Having stated their side of the story, they pledged to conduct themselves in a manner, “which will not compromise the ecological integrity of the adjoining forest reserve”.
They also called on the general public to disregard any misleading contributions to the ongoing public discussions.
Meanwhile, Former Lands Minister, Inusah Fuseini says the Owoo family, the allodial owners of the land that serves as the Achimota Forest Reserve was duly compensated, by the British colonial government, for the land.
According to him, “compensation was paid, £4000 pounds then in 1951, 1957…I am aware that the colonial government paid four thousand pounds for the land and that was a huge amount of money in 1951.”
The former Minister for Lands and Natural Resources under the erstwhile John Mahama Administration made this revelation on Joy FM’s Top Story, Wednesday.
Besides, Mr. Fuseini recalled that during his regime as a Lands Minister in 2013, a ceremony was held in the forest to release about ninety to hundred acres of the land to the Owoo family.
“A study was done and then we all agreed, including the Owoo family that, that was what they were entitled to. There was a ceremony to release that part to them that took place in the forest itself. I was there, the Wulomei was there, the Owoo family was there, and my deputy and everybody were there…about ninety to hundred acres thereabouts was released to them,” he said.
This, he said was to prevent any further encroachment on the forest and to enable the forest to be put to good use.
Against this backdrop, Mr.
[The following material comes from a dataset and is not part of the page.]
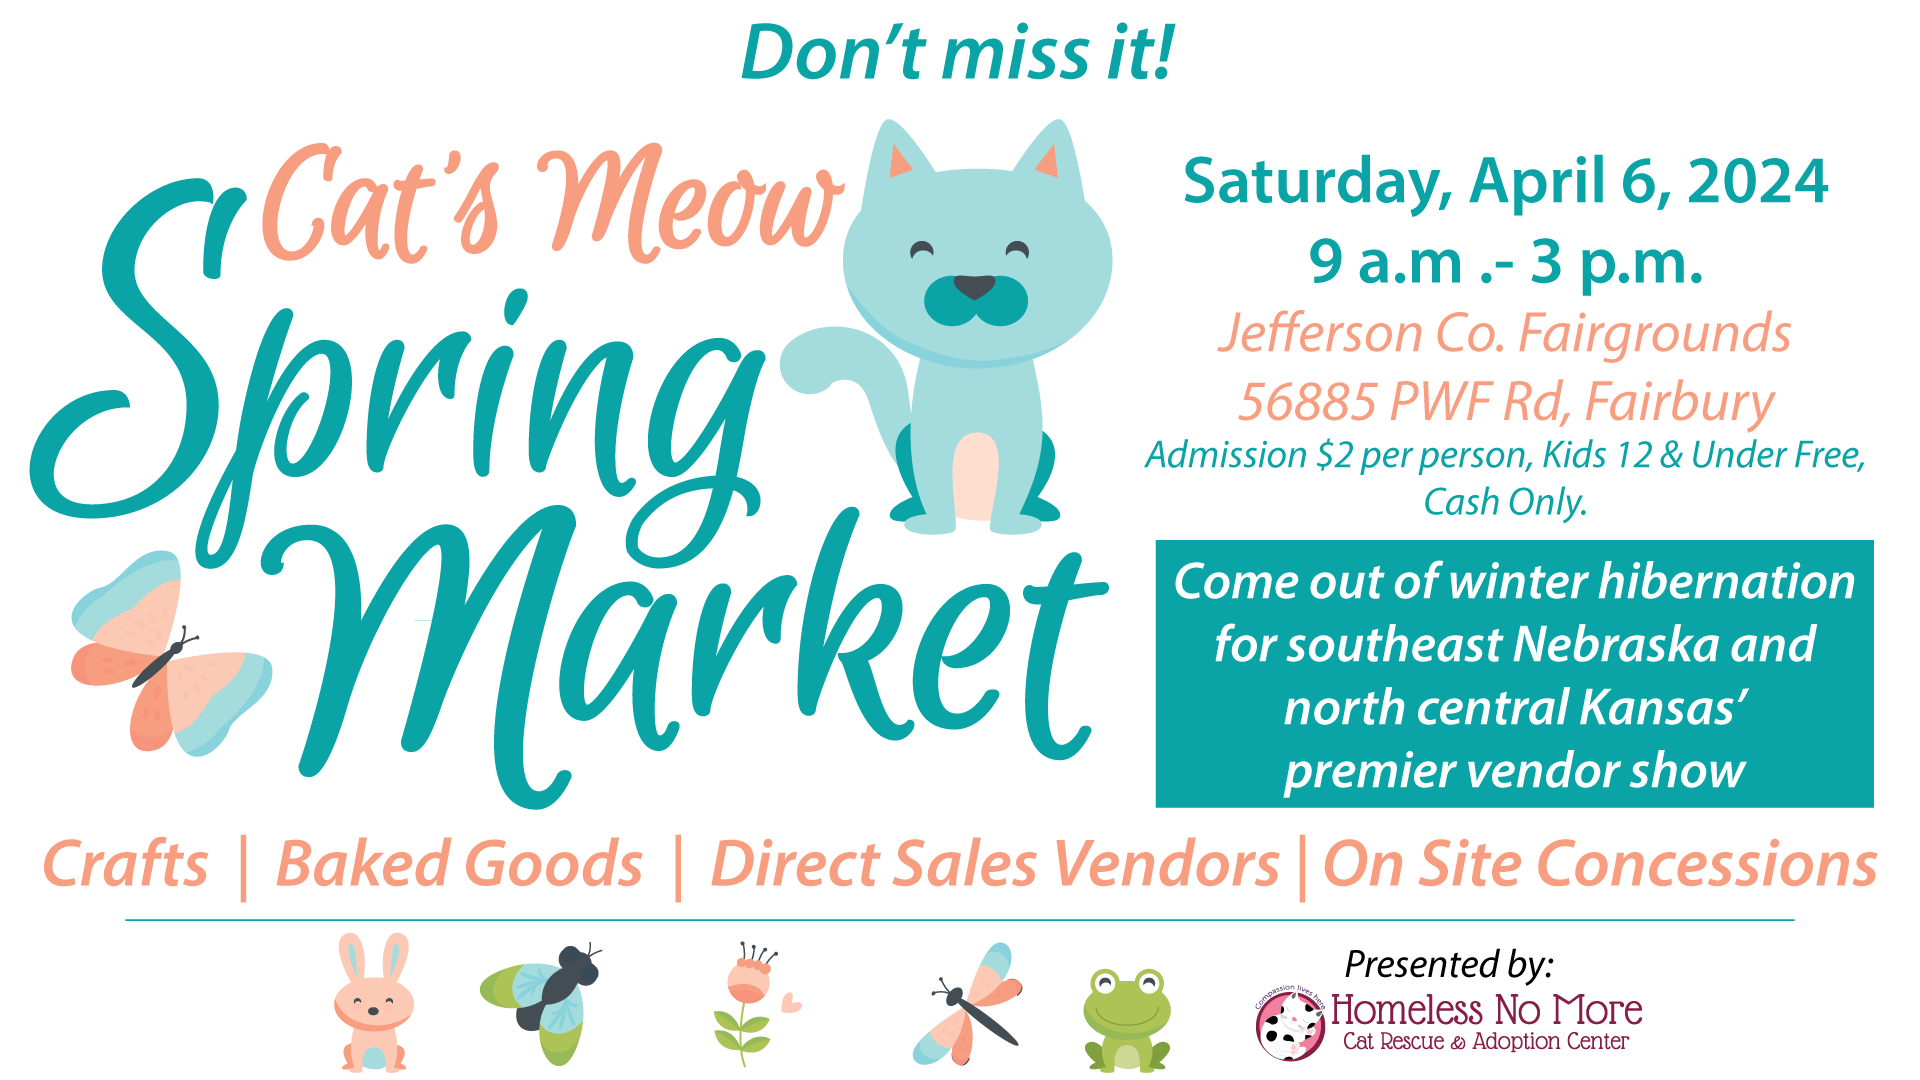 Cat's Meow Spring Market, Saturday, April 6, 2024 from 9 a.m. to 3 p.m. at the Jefferson County Fairgrounds in Fairbury, NE.

Fuseini contended that the Owoo family is not entitled to any further compensation from the government.
“With the greatest respect to the Owoo family, they have always maintained that they are not entitled to a dime. That’s why in my letter, I only maintained that it was only on compassionate grounds with the realisation and acknowledgment of the fact that they were the allodial owners of the land,” he said
He noted that the Owoo family to the best of his knowledge “have never claimed compensation of the land”.
He maintained that “What they have always said is because that vast amount of land was taken from them, it deprived them the benefit of the use of the land and now they are almost robbed of their resource and so government should reach out to them and see how it can put them in a better position to continue to carry on as a family.”
The Former Lands Minister also disagreed with the government’s declassification of the Achimota Forest reserves.
He questioned whether such a move by the government will prevent any further encroachment of the forest lands.
“The ultimate purpose for the return of the land to the Owoo family on compassionate grounds under His Excellency John Mahama was to try to protect what was left of the forest. So if you don’t protect the forest and you just declassify the forest, what is the guarantee that there won’t be further encroachment”, he quizzed.
On Tuesday, there were widespread rumours about the sale of the Achimota Forest.
Following the public outcry on the alleged declassification of the Achimota Forest Reserve, the sector Minister, Samuel Abu Jinapor, dismissed the claims that the Forest has been sold.
In a Facebook post on Tuesday, Mr Jinapor wrote that the “Achimota Forest has not and will not be sold.”
Shortly after, he held a press conference to further clarify the matter. In his address, he insisted that government has no plans of selling the Forest. Adding that, plans are rather afoot to give the Forest a world-class status.
According to him, the government “intends to enrich the Achimota forest, revamp it and hopefully in the not too distant future, transform it into the likes of High Park of London and Central Park of New York, where Ghanaians can go and enjoy the beauty of nature and forest reserve as it happens in other parts of the world”.
He, therefore, urged the public to disregard any reports about the sale of the forest.
“So for the avoidance of doubt, neither President Akufo-Addo nor myself or his government intends to sell the Achimota forest or redevelop the Achimota forest as currently constituted”, he said.